Since the singer in Jesus Jones does not exactly enunciate clearly (and trade show floors can be loud anyway), the client wanted us to overlay key words from the lyrics. Since we didn’t want to obscure the footage too much, and we already had these large black areas along the top and bottom of the screen, we decided to use the areas outside the box for the words, occasionally overlapping them into the video’s widescreen area to tie things together.
Wide Open Future
Widescreen is refreshing to design in, and also to watch because of its current novelty. It also is our inevitable future.

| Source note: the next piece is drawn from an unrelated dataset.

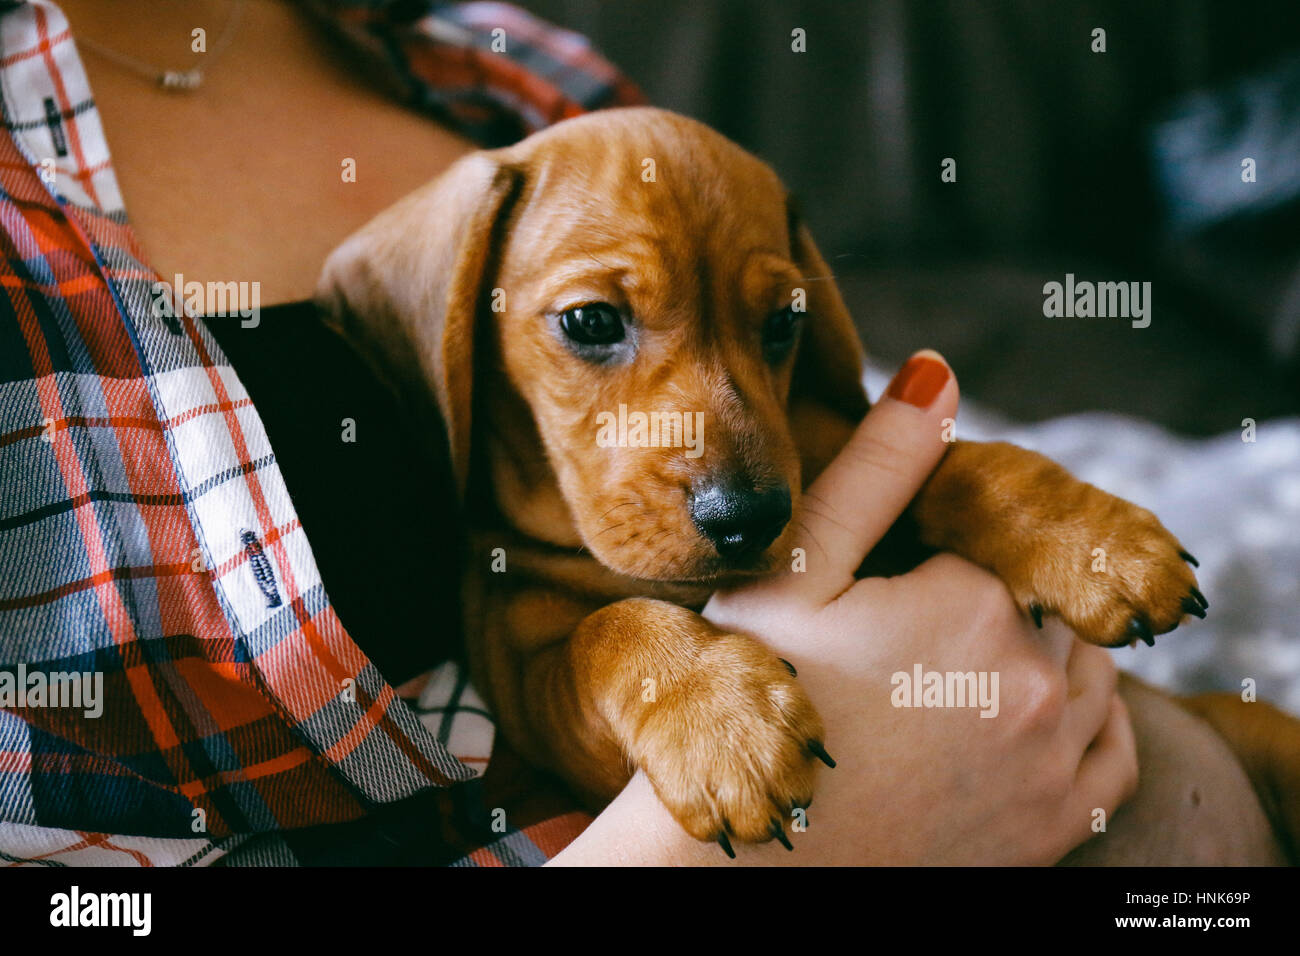 8 semaines des cheveux lisses brown dachshund puppy se reposer en toute sécurité dans les mains de sa femme propriétaire qui porte une chemise à carreaux colorés Banque D'Images

By breaking the rules a bit and blurring the lines between 4:3 and widescreen, we’re getting to work with it more today, and are having fun creating some new looks to boot.
sidebar: Stretch Marks
This article illustrates several techniques for going between the normal 4:3 and widescreen worlds. One technique we do not suggest is the “just stretch it” approach: namely, stretching 4:3 source material to fill a widescreen image. We see this in particular at trade shows that have rented eyecatching widescreen plasma displays, and then realize later all of their videos were created for a 4:3 screen. So they stretch it to fit. And it looks wretched.
Likewise, you may be tempted to go shoot your next production in widescreen because your new camera allows you to, only to realize later that you have to blend in previously-shot 4:3 source material. And although many NLEs now allow you to choose between 16:9 and 4:3 image aspect ratios, they most likely do nothing to help you combine the two. This puts the burden back on you to figure out a way to combine them.
Pick which format you’re going to deliver in, and then decide how to treat the footage that doesn’t match. If you don’t have time to re-render these segments in a new format, consider using the system’s DVE to zoom the 4:3 footage up to full width (cropping the top and bottom), or zooming 16:9 footage down to a letterbox.